Unusual Balance sheet

I'm preparing a set of accounts and the previous year was prepared by another accountant. There is nothing unusual about the P&L and the balance sheet top section only includes bank account balances (which are correct). However, the bottom of the balance sheet looks like this:

Capital introduced B/Fwd 58000
Surplus in period 20000
subtotal 78000

Capital & Reserves 6000

Ending Balance 72000

The £20k surplus is the amount showing on the P&L, but I just want to know what the £6k could be? The comparative figures for the year before that show the Capital & Reserves amount as a negative amount of £2500.

Any ideas?

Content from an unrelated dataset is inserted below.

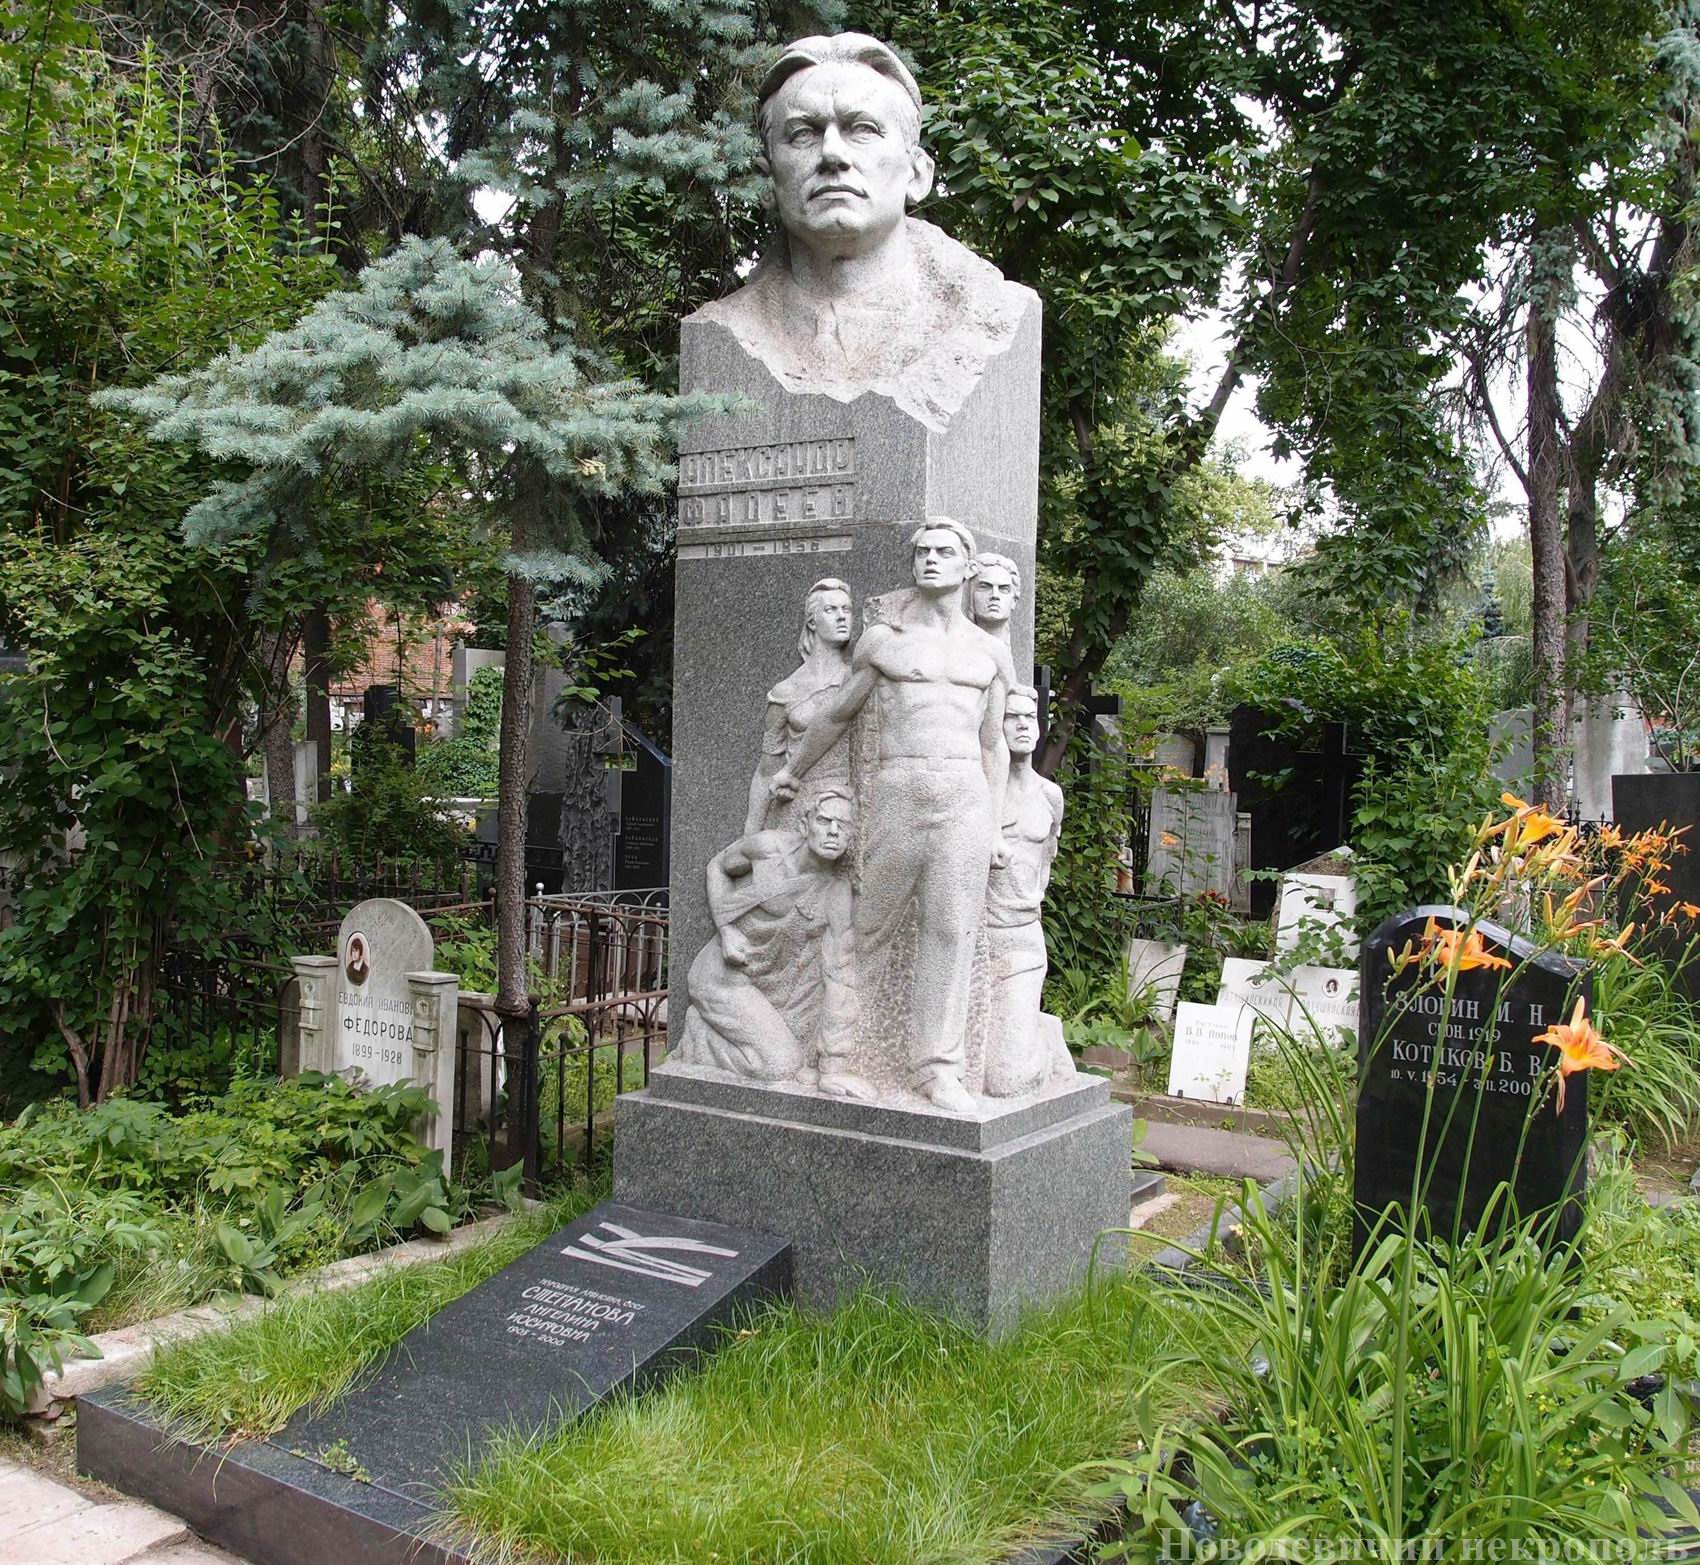 Памятник на могиле Фадеева А.А. (1901-1956), ск. Е.Рудаков, К.Биткин, арх. А.Котырев, на Новодевичьем кладбище (1-15-4). Нажмите левую кнопку мыши чтобы увидеть фрагмент памятника.
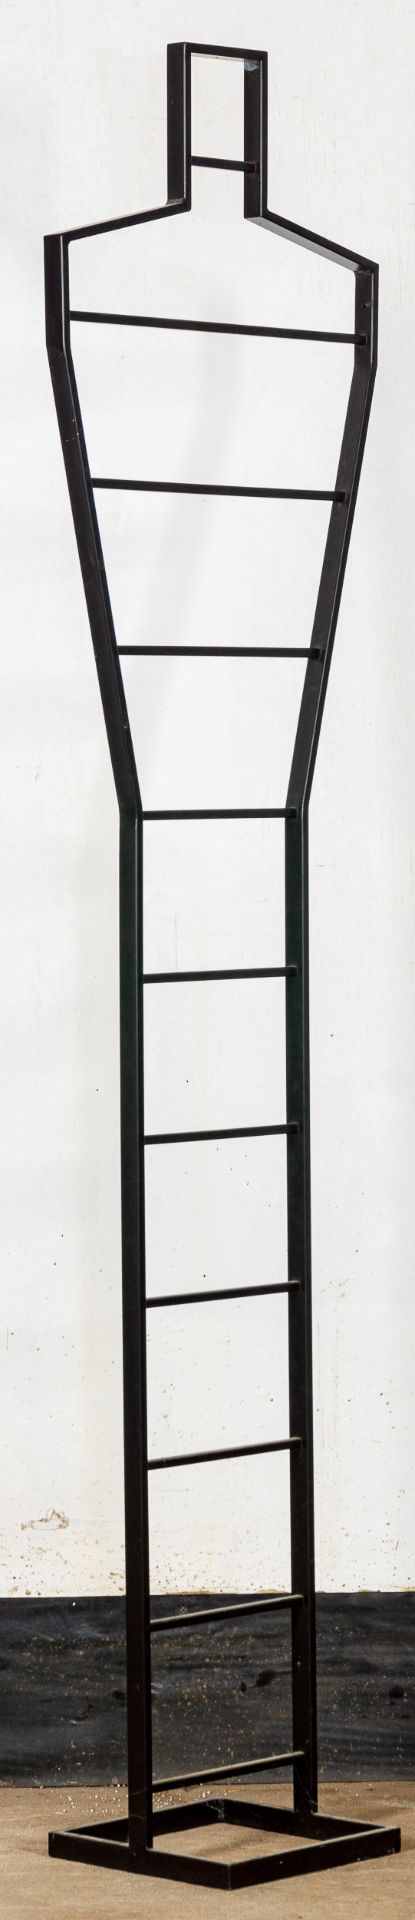 Kleiderständer, mattschwarz lackiertes Metallgestell, 1980/90er Jahre, Höhe ca. 181 cm. Guter Erhal - Bild 3 aus 3

I don't think it can be a revaluation reserve as they don't own any property.



  • MarieNoelle
    MarieNoelle Moderator, MAAT, AAT Licensed Accountant Posts: 1,369
    Could they be dividends taken?
  • JodieR
    JodieR Registered Posts: 1,002
    Thanks for the reply but no - its a non profit company limited by guarantee, so no shares issued and therefore no dividends.
    Still stumped!
  • mickwood83
    mickwood83 Registered Posts: 12 Regular contributor ⭐ ? ⭐
    If the surplus in period matches profit from current financial year, them maybe £6k simply be accumulated profits since the beginning (not including current year)

    eg 13/14 profit = £20k
    b/f profit to date =£6k
    Total £26k

    So the next year the capital & reserves figure will be
    14/15 profit (surplus in period) = £x
    b/f profit to date (capital & reserves) = £26k
    Total £26k + X?

    I suppose the best check is to see what they had as 'surplus in period' in the prior year...... If it was £8.5k then the theory above works, as added to the (£2.5k) equals the £6k.

    Quite why it's shown like that I have no idea, just a suggestion!